Sunday, July 24, 2011

Mondrian Inspired Baby Shower Cake


Our recent midterm cake was a baby shower themed cake. Originally I was hoping to do a cake that we can really expand our creativity. Since the class has voted baby shower, I decided that I would incorporate my original idea into this project.
Mondrian uses beautiful primary colors and monochromatic colors in his paintings; so I decided that I would recreate the feel for the side design of the cake. To emphasis that it is a baby shower cake, I used marzipan to create a basket and piped basket weave with royal icing on the basket. On top it's a blanket with fondant strip cut outs. The baby girl dress is made with fondant, decorated with Swiss dot royal icing and lace point.

A Quick Update




It's been a while since I last updated. Here are the works that I've done in class in last few weeks. Tomorrow we are starting sugar paste flower with Chef Ron; it's going to be fun!

Father's day theme cake.
Cupcakes topped with marzipan fruits.
Black Forest Cake with Cherry Compote, decorated with chocolate butterflies, white modeling chocolate blossoms.

Tuesday, June 7, 2011

A Little More Sugar and Chocolate


It's the beginning of second month here at the FCI. As the class progress, the focus is finally starting to shift towards design and techniques. By all means, I LOVE baking and reading recipes, but I would really like to perfect my skills in assembling cakes, piping techniques, and exploring design senses and creativities. Here's a little taste of what we did last night; royal icing piping and fondant making.

On the right here, it's Chef Cynthia showing us how to pipe with royal icing. Though I've done it before, this is something that one can never have enough practice of.

Royal Icing: Snail trails, Cornelli laces, and Swiss dots.
Making rolled fondant from scratch; which by the way is such a wonderful recipe!

Saturday, June 4, 2011

A Summer Challenge Awaits


The biggest challenge of the summer will be the brutal heat. I haveno idea how they do it here in NYC, but I complete admire all the pastry chefs and cake makers baking cakes and making butter cream under such high temperature. Not to mention delivering during the summer time but also during the winter snow. Folks, we have it good in California, no more complains!

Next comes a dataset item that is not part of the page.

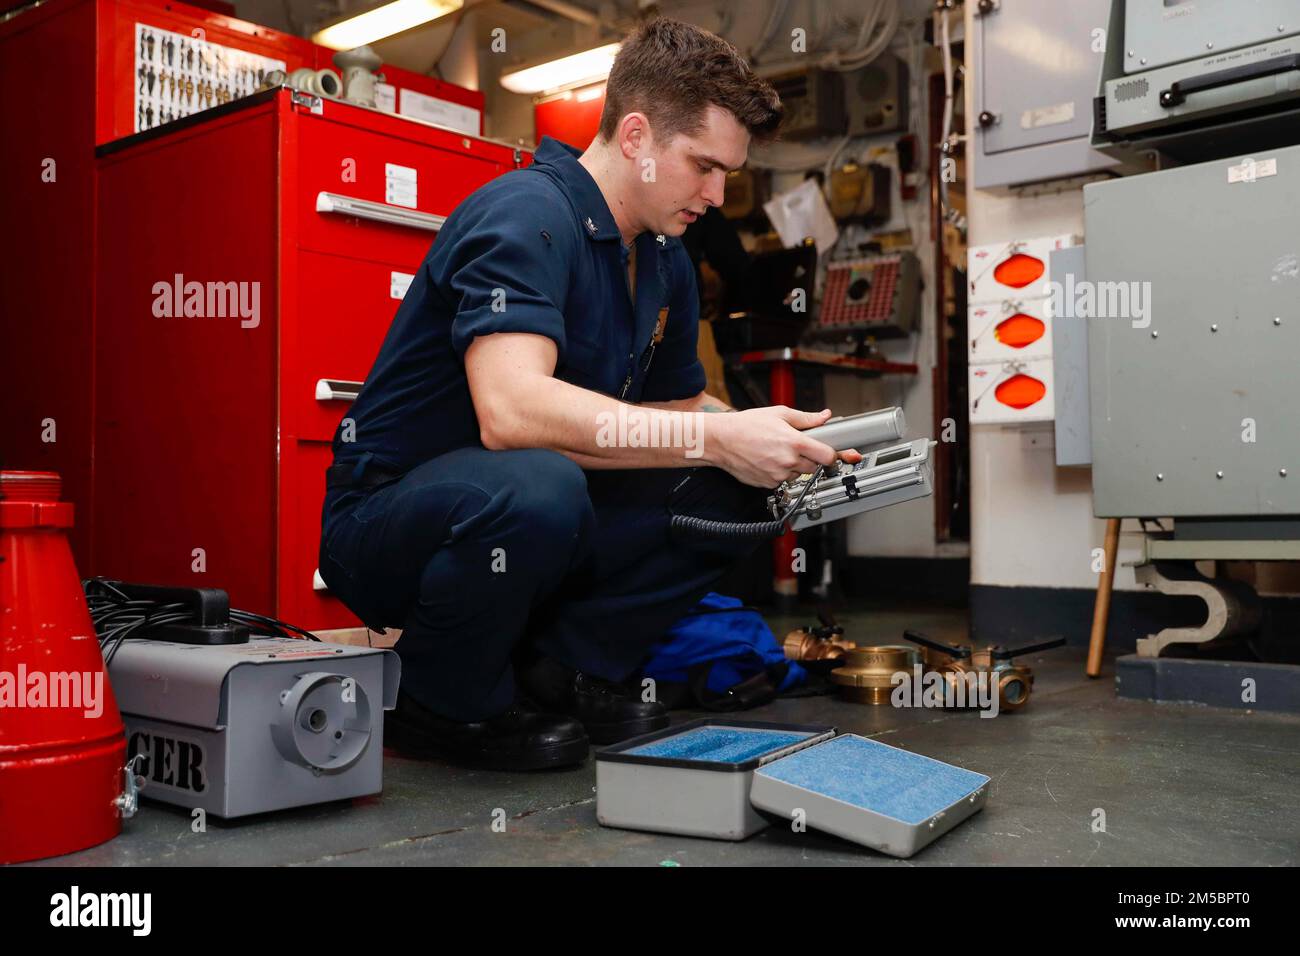 PHILIPPINE SEA (Feb. 24, 2022) Damage Controlman 3rd Class Danny Wallis, from Clifton, Texas, conducts maintenance on a radiacs in a repair locker aboard the Nimitz-class aircraft carrier USS Abraham Lincoln (CVN 72). Abraham Lincoln Strike Group is on a scheduled deployment in the U.S. 7th Fleet area of operations to enhance interoperability through alliances and partnerships while serving as a ready-response force in support of a free and open Indo-Pacific region. Stock Photo

Friday night was a very fun class. We baked off sheets of American
milk sponge cake, filled and crumb coated it. Then here comes the chocolate cake.. Talking about getting some chocolate action! This is a devil's food cake filled with chocolate ganache, coated with more chocolate ganache, then decorated with chocolate modeling chocolate roses. Got chocolate? Here are pictures of Chef Cynthia doing demo for us...

Making roses from modeling chocolate:

Here are my creations...

Until next time... :)








Monday, May 30, 2011

A Basket of Fruitiness


Hope y'all had a good weekend. I certainly did from all the good eats in the city of New York, and another fun day working at Silk Cakes Studio.



Briefly catch up on what we did last week; we assembled angel's food cake with strawberry buttercream as filling. Did the best we can to square off the cake to prepare for basket weave piping. The finish product may look more difficult than what it is, but with Chef Cynthia's instruction, it was only the matter of eye-hand coordination and lots of patience.











A Basket of Fruitness assembily... The Base: 3 layers of angel food cake, 2 layers of strawberry swiss meringue buttercream.
Choose colors and pipe,
Add shell and rope borders,
And now we topped the cake with fresh strawberries, blueberries and black berries.
There you have it, folks! Now what? Eat it of course. But those of you who know me for a while can probably figure out exactly what I did with my cakes. Yes, I gave it away, as always. But instead of the firemen, I pick the Roosevelt Island Public Safety Department. :) Hope they enjoy it!

Sunday, May 22, 2011

Beginning of Another Week, Another Cake, and Goals.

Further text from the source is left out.